9 Responses to “With Rainy Days Come Reading Lists.”

  1. J.J.S. Boyce

    In fact, I’ve spent most of this evening sorting through my huge Amazon wishlist (when I should have been reading through some of the books currently piled up on my floor). I’ve made things worse for myself by recently accepting recommendations from friends, not to mention checking out the AV Club Web Site. Here’s a brief selection of books I plan on finishing/starting/buying soon:

    The Manga Guide to Molecular Biology by Masaharu: As a science teacher I feel I should know more about this topic, and since the Manga Guide to Statistics was so good, this seems like a good bet.

    The Secret Life of Trees by Tudge: Very interesting and the edition I purchased was pricey but beautiful.

    The Years of Rice and Salt by Robinson: I’ve never dabbled in alternate history before, but the premise of this one — what if Christian Europe was wiped out by plague and Muslim and Chinese civilizations became dominant — is intriguing.

  2. Tyler

    Currently reading: “The 4 Hour Work Week” and “The Sound and the Fury”

    Rainy weather makes me think of either a lack of soccer, or the ever growing puddles at UBC.

  3. Nabila

    I’m glad I like books, because otherwise life as a grad student would have been horrible. I have tonnes of suggestions, but among those you should definitely read:

    Iqbal’s ‘Javidnama.’ IKBLC has the Arberry translation – which I believe is the definitive version. Read it. It will change your life in some form or another – plus it’s absolutely beautiful. Think Rumi’s ‘Masnavi’ but written in the 1900s and featuring al-Afghani and such.

    Also, Ken Follet’s ‘Pillars of the Earth.’ So good, and so hard to put down. It’s historical fiction – my favourite genre (which is why I love Salman Rushdie so much – speaking of whom, if you haven’t already, pick up/read ‘Satanic Verses’ for its aesthetic and literary brilliance).

  4. Dave Semeniuk

    Recently purchased used paperbacks:
    Travels with Charlie – John Steinbeck
    Even Cowgirls Get the Blues – Tom Robbins

  5. Matt

    Coming to the end of Pynchon’s ‘Against the Day’.
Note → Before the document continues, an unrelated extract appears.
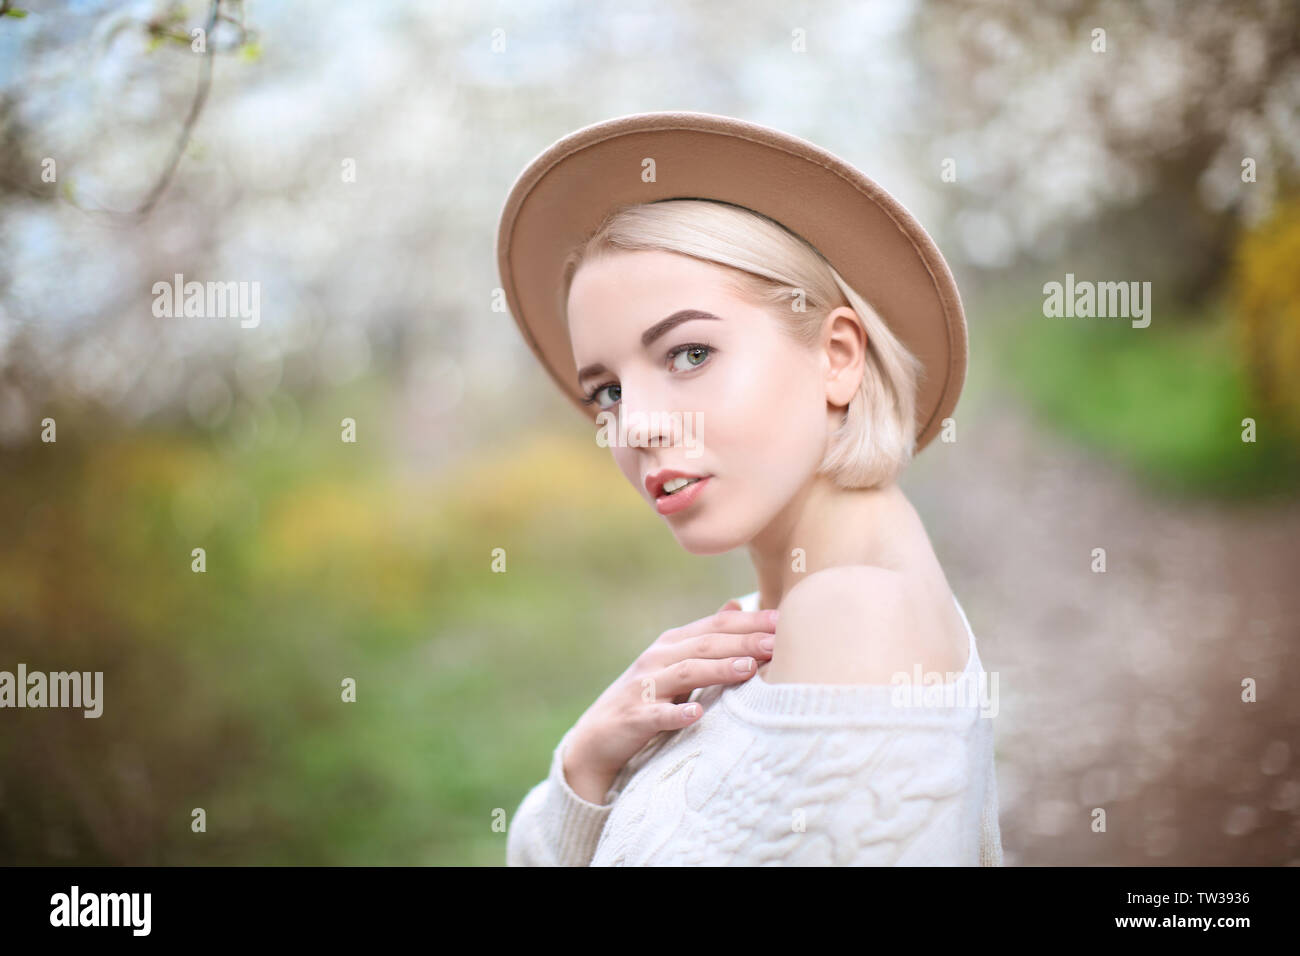 Young blonde girl in hat on blurred background Stock Photo

    Also, working my way through George Saunders’ ‘Pastoralia’ and the Fall issue – ‘Medicine’ – of Lapham’s Quarterly.

    Really good stuff, all around. Can’t recommend them enough.

  6. Joanne

    Half of a Yellow Sun – Chimamanda Ngozi Adichie, historical fiction – Nabila, you would love this one. If you haven’t read it already

    The Greatest Show on Earth – Richard Dawkins, got it as an audiobook – and it’s cool because Dawkins is narrating.

  7. Shagufta Pasta

    Wow, awesome recommendations! Thanks so much for commenting! I’m pretty excited about my next trip to the library and bookstore. 🙂 Keep them coming please! Every comment makes my heart so happy.

  8. Eunice

    Ayaan Hirsi Ali- Infidel- amazing and inspiring
    I’ve also discovered this little paperback called Notes to Myself:My Struggle to become a person offering much insight each time I go back to it.

  9. Florin

    Buddha – Deepak Chopra

    a cool fictional sort of story about the life of Buddha from childhood. it’s quite interesting, enlightening, and you can’t go wrong with Chopra!